December:Traditionally Lighter Trade for CBOT Grains,Soy

Posted by: Christine Stebbins
Tags: Grains Insight

Now that November is in the books, some CBOT grain traders said commodity index funds will also begin to close their books for the 2007 year, cementing robust gains. For the first 11 months of 2007, wheat posted the biggest jump — up 73 percent — followed by soybeans, up 58 percent. 

    USDA skips December for U.S. crop production reports, with final harvest ideas pretty well set and next year’s planting ideas too vague to feed trading as yet. South American weather is a volatile factor after the first of the year. The year-end holidays also drain the markets of liquidity as traders take time off.

    So with less of a heavy hand from big speculators, grain traders were expecting a little more range-bound trade based on fundamentals in Chicago Board of Trade grain and soy markets in the coming month.

    That would follow one of the most volatile harvest seasons in memory — wheat regularly jumping and falling the 30-cent daily trading limits, soybeans notching 34-year highs and corn for next year’s harvest already priced at $4.30 a bushel, more than double the decades-long mind-set of $2 corn. Whoa.

    In December, one thing won’t change: Chicago grain traders will continue watching outside markets for direction — crude oil, the value of the dollar, and prospects for yet another interest rate by the Fed Reserve when it meets on Dec. 11.

    On the fundamental side, South American weather will be a daily key. Traders are most focused on Argentina, the world’s No. 3 soy producer. Fields there have been hot and dry this week, depleting soil moisture as the newly seeded soybean crop tries to emerge.
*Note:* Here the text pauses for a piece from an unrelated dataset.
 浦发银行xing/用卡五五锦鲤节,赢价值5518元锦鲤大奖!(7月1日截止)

    Argentina is expected to see showers by Tuesday, which will help alleviate stress to the young plants. But any change in the forecast, either less or more, will feed into the daily calls for CBOT soybeans, meal and oil.
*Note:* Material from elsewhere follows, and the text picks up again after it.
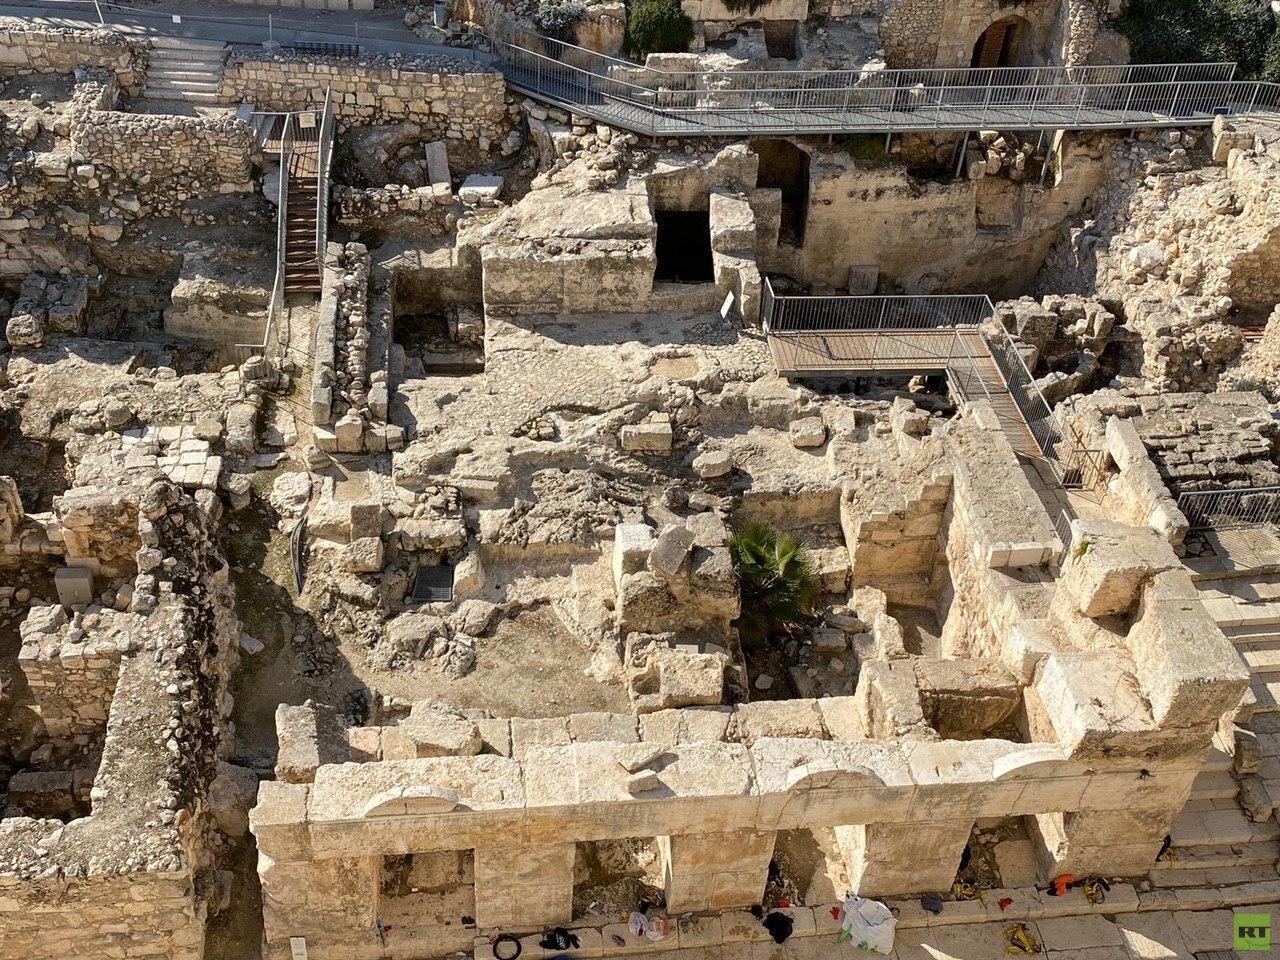 دائرة أوقاف القدس تعرب عن قلقها من الحفريات الإسرائيلية في الأقصى (صور+ فيديو)

    Fresh export sales, possible cancellations and actual shipments reported by USDA will also be market-leading news.

    Wheat traders will be zeroed in on fields closer to home. Worries continue about the dryness in the western Plains hard red winter wheat belt. That crop accounts for about half of U.S. wheat and most of U.S. bread flour. But the crop is rated in the worse shape in six years due to an exceptionally dry fall. It will go dormant with cold weather but lack of snow cover can also expose the seedlings to wind damage.

    The current La Nina — a global weather anomaly based on cooling sea surface temperatures in the Pacific Ocean — is rated as the strongest in 20 years. That is being blamed for the persistent dryness in the western Plains wheat belt.

    The strengthening La Nina could also cause some abnormal dryness in southern Brazil and Argentina as the crop season progresses — a development that would feed speculative buying in very edgy global grain markets already spooked by fears of global warming, China’s limitless appetite and the wild card of biofuels demand that has been eating into the world food system’s grain supplies.